Less ameliorating but clearly a pressure point is the fact that it is unlikely any EU-UK agreement that undermines the Good Friday Agreement, even if it were to be considered, would be approved by the European Parliament. In Washington all eyes are on the presidential election and on whether the Republicans can hold their majority in the Senate. Most indications at this point, however, suggest that the Democrats will hold the House of Representatives. The message from key figures in the House has been clear that politically there will be no UK-US trade deal, if the UK fails to honour the Withdrawal Agreement. These factors, together with the mounting economic and political consequences of COVID-19 and the concentrating effect of a final deadline, may concentrate minds in the coming weeks.

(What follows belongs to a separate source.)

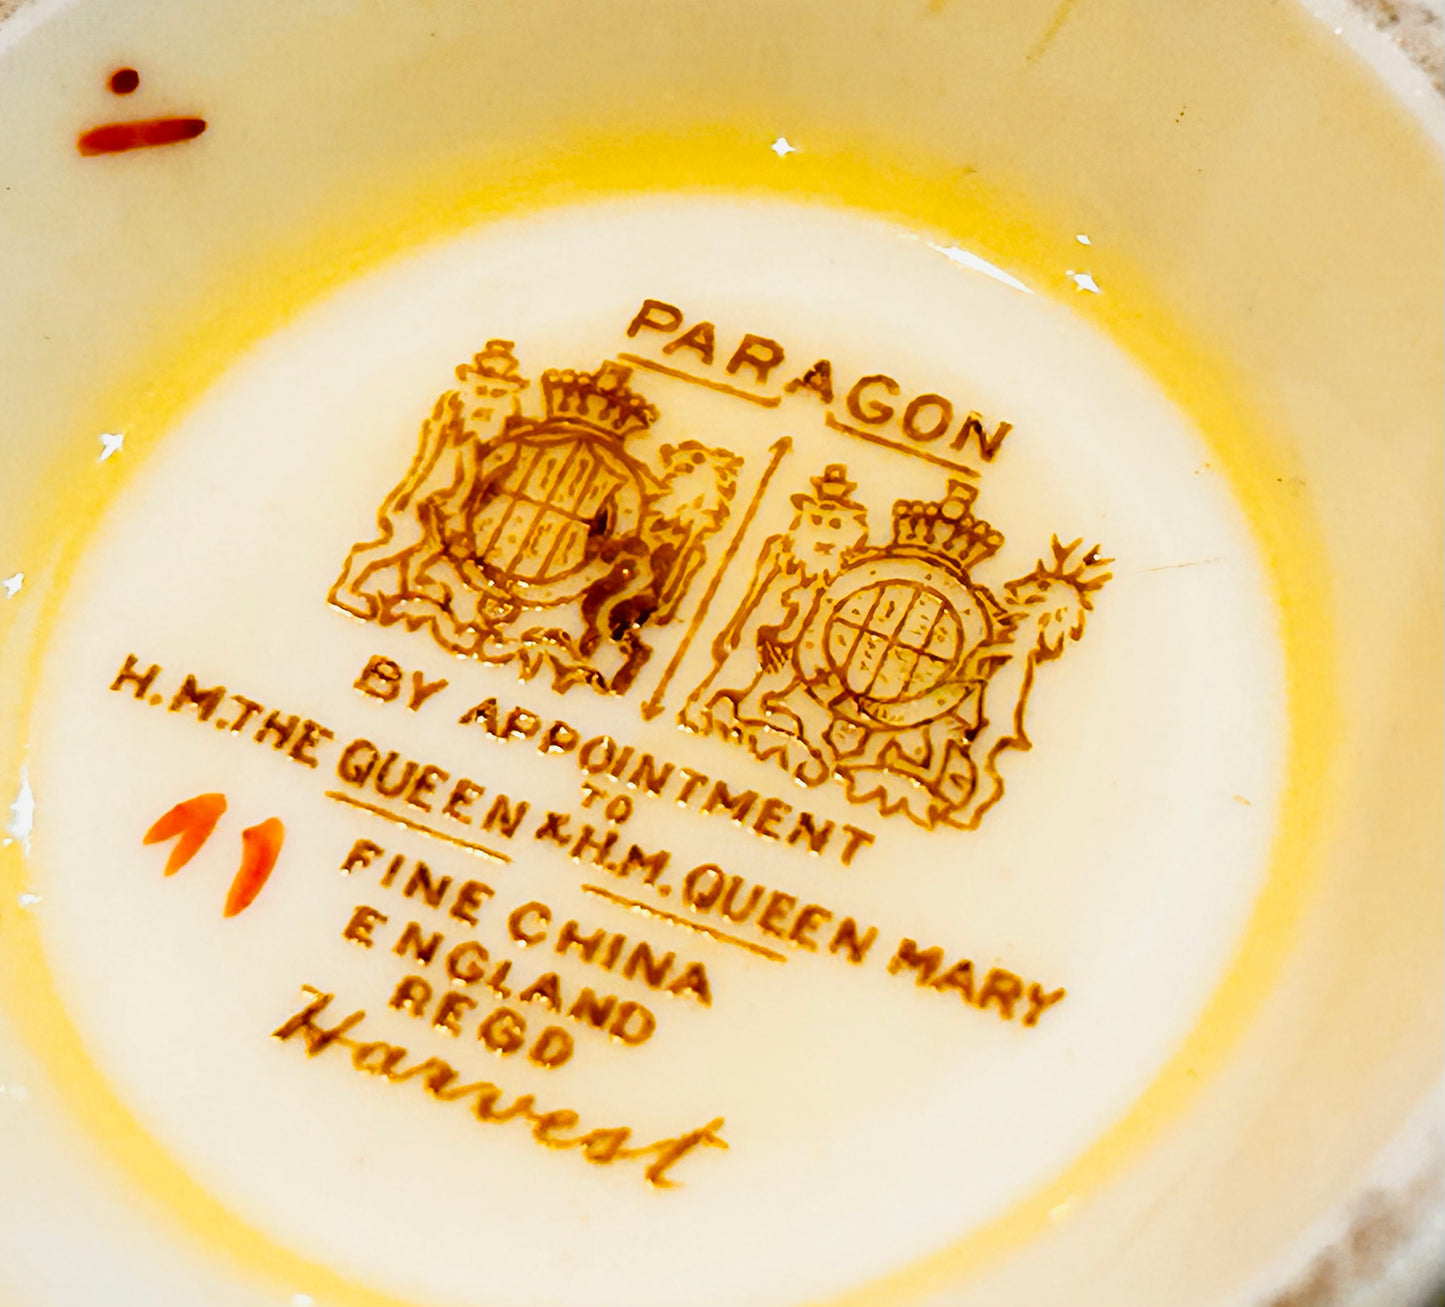 Sugar Bowl by Paragon

Regrettably, the lack of tangible progress to date means that it is also time to redouble preparations for failure and a harsh winter ahead. The Irish government’s Brexit Readiness Action Plan updated on 9 September sets out sectoral guidance and measures at government level. Disruption of British-Irish trade, delays on the UK land bridge, a negative pressure on Irish business and jobs from higher costs and new tariffs, pressure on Irish fisheries and interruption of supply chains are all potentially at stake. The immediate task is to prepare intensively for an outcome, which hopefully will not arise, but which is now in plain sight.